Last modified: 25 May 2018 11:16


Course Overview

Understanding oscillatory and wavelike behaviour is of huge importance in comprehending how our natural world works.  It seems that everything in nature has its own cycle, rhythm or oscillation.   From planets revolving around the sun to waves on the sea, even fundamental particles are treated as waves in modern physics.   Accessible to students with some knowledge of calculus, this course will explain the mathematics of this fascinating and important subject.  Methods of solving the differential equations that describe waves and oscillatory phenomena will be explored, including numerical techniques.



Course Details

Study Type Undergraduate Level 2
Session First Sub Session Credit Points 15 credits (7.5 ECTS credits)
Campus None. Sustained Study No
Co-ordinators
  • Dr Alessandro Moura

Qualification Prerequisites

  • Programme Level 2

What courses & programmes must have been taken before this course?

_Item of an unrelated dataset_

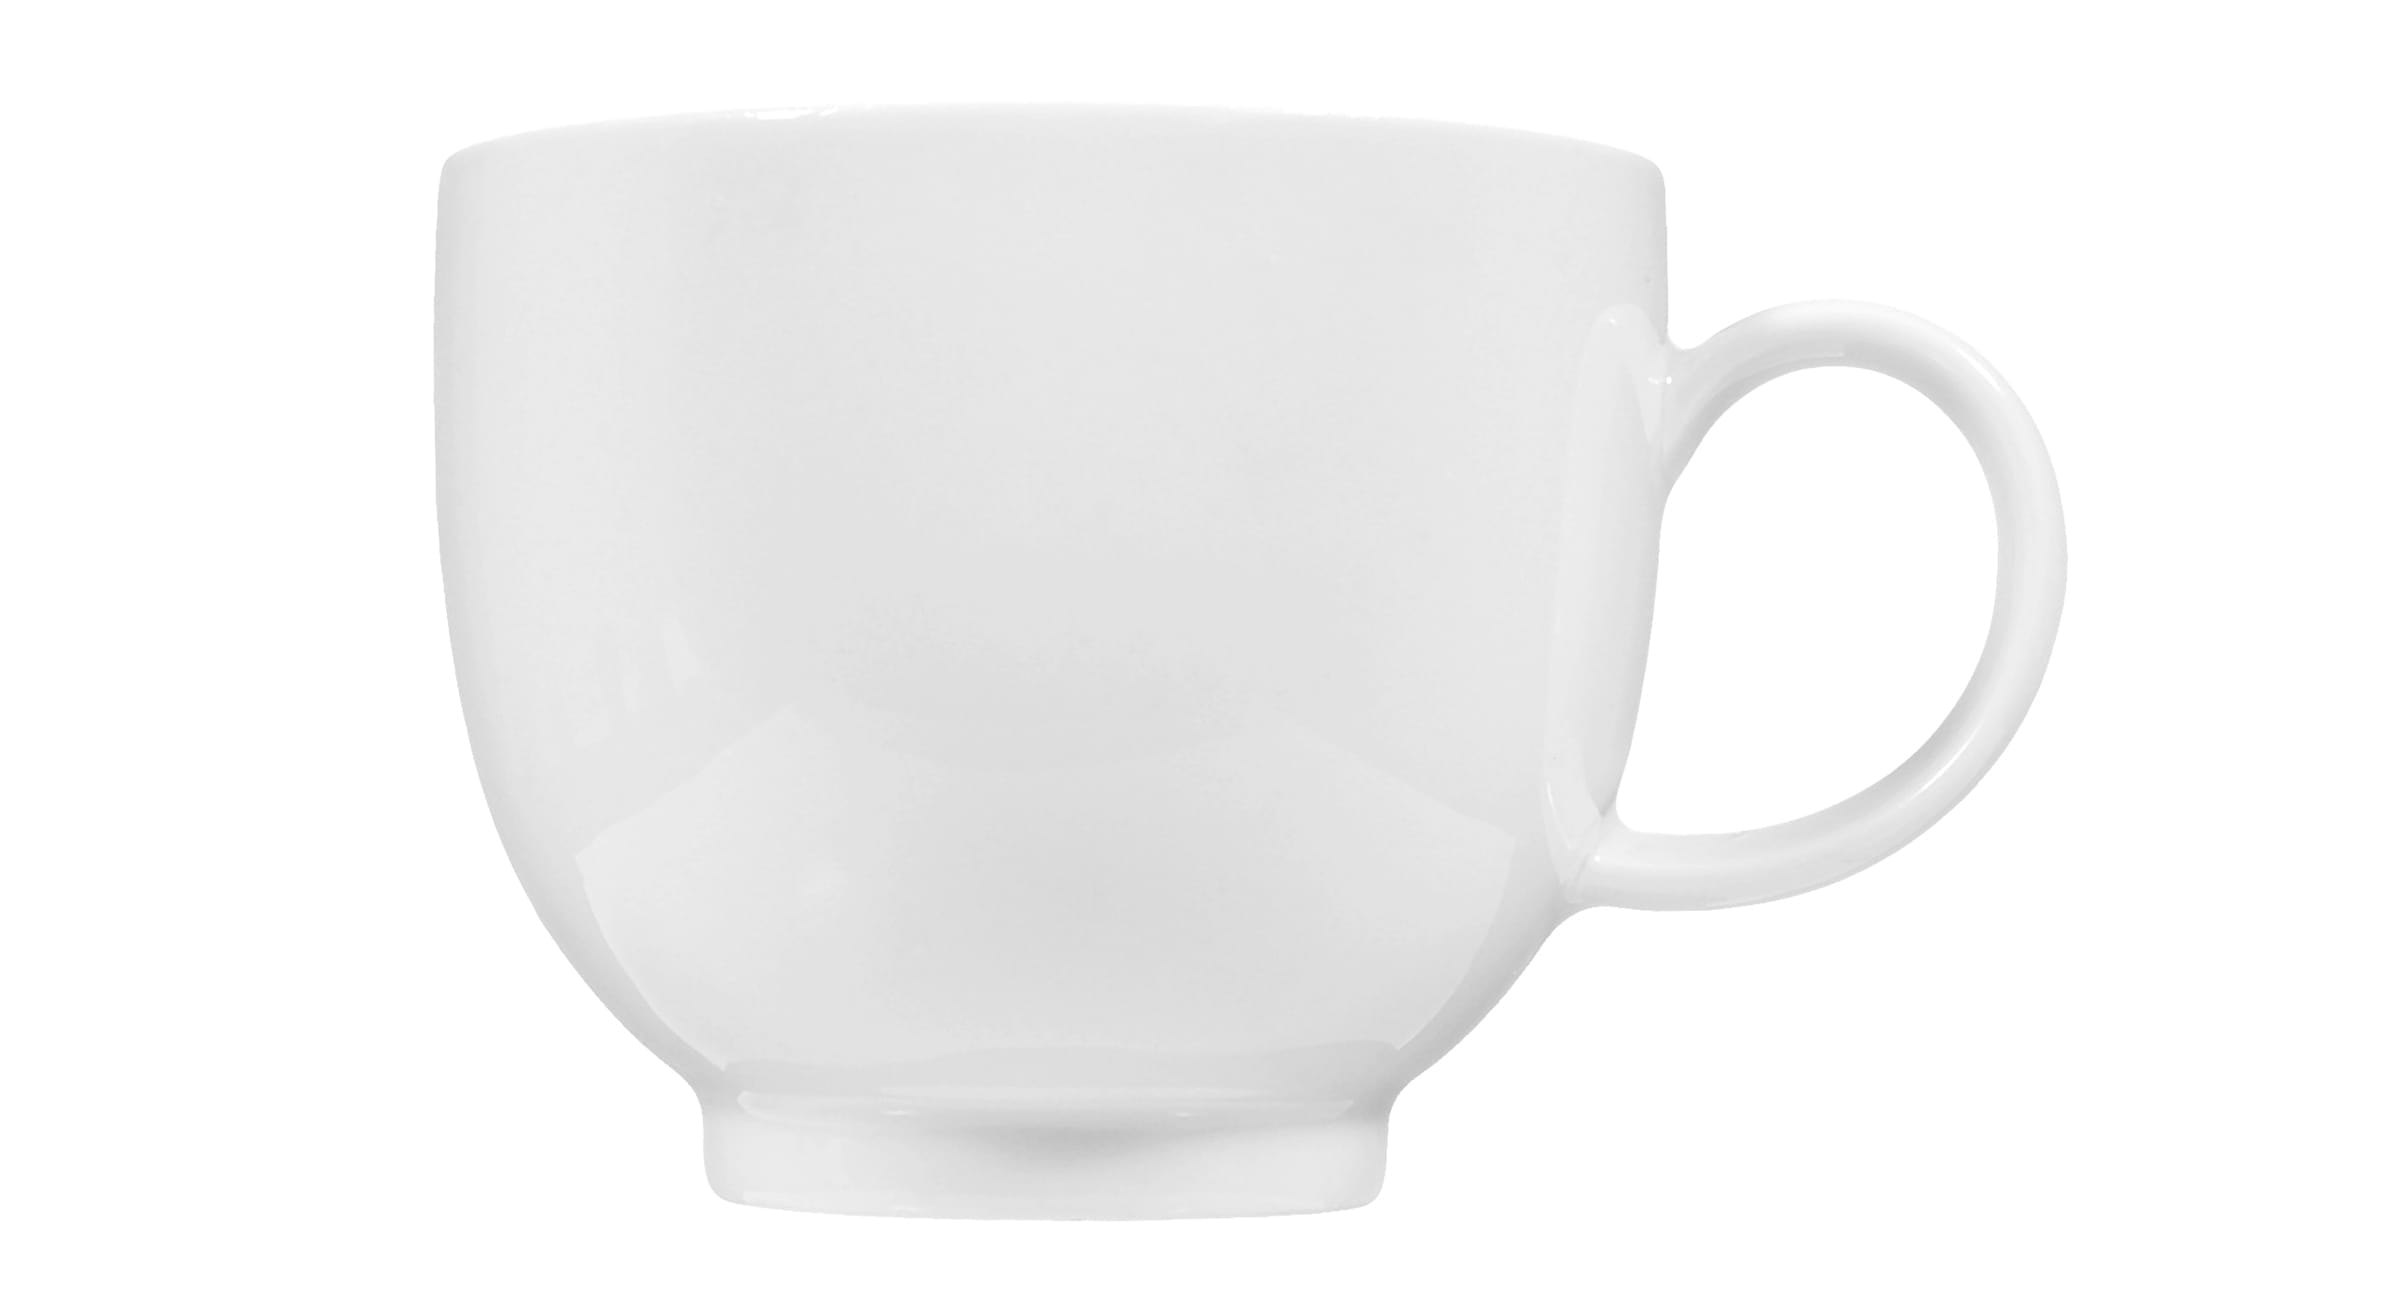 Seltmann Porzellan Lido Weiß uni Kaffeeobertasse 0,22 l

  • One of KL108W The Physical Universe A (Passed) or PX1014 The Physical Universe - 1 (Passed) or PX1015 The Physical Universe A (Passed) or PX1017 The Physical Universe a (Distance) (Passed) or MA Applied Mathematics (Studied) or BSc Applied Mathematics (Studied)
  • One of MA1002 Calculus a (4) (Passed) or MA1005 Calculus 1 (Passed) or MA1007 Introductory Mathematics 1 (Passed) or MA1507 Introductory Mathematics 2 (Passed) or MA1508 Calculus II (Passed)
  • Any Undergraduate Programme (Studied)

What other courses must be taken with this course?

None.

What courses cannot be taken with this course?

  • PX2014 Dynamical Phenomena (Studied)

Are there a limited number of places available?

No

Course Description

This course is an introduction to physical phenomena that depend on time, with emphasis on oscillatory and wavelike behaviour. The concept of a second order linear system will be used to unify the treatment of mechanical and electrical phenomena, and to introduce simple harmonic oscillators, damped oscillators and resonance. Wave motion will be used to introduce the ideas behind Fourier transforms. The Matlab software platform will be introduced as a means learning basic techniques of scientific programming, and of finding numerical solutions for differential equations.

Contact Teaching Time

Information on contact teaching time is available from the course guide.

Teaching Breakdown

More Information about Week Numbers


Details, including assessments, may be subject to change until 31 August 2023 for 1st half-session courses and 22 December 2023 for 2nd half-session courses.

Summative Assessments

1st Attempt: 1 two-hour examination (75%) and in-course assessment (25%). A pass in this course requires a score of CAS 9 or higher in the in-course assessment.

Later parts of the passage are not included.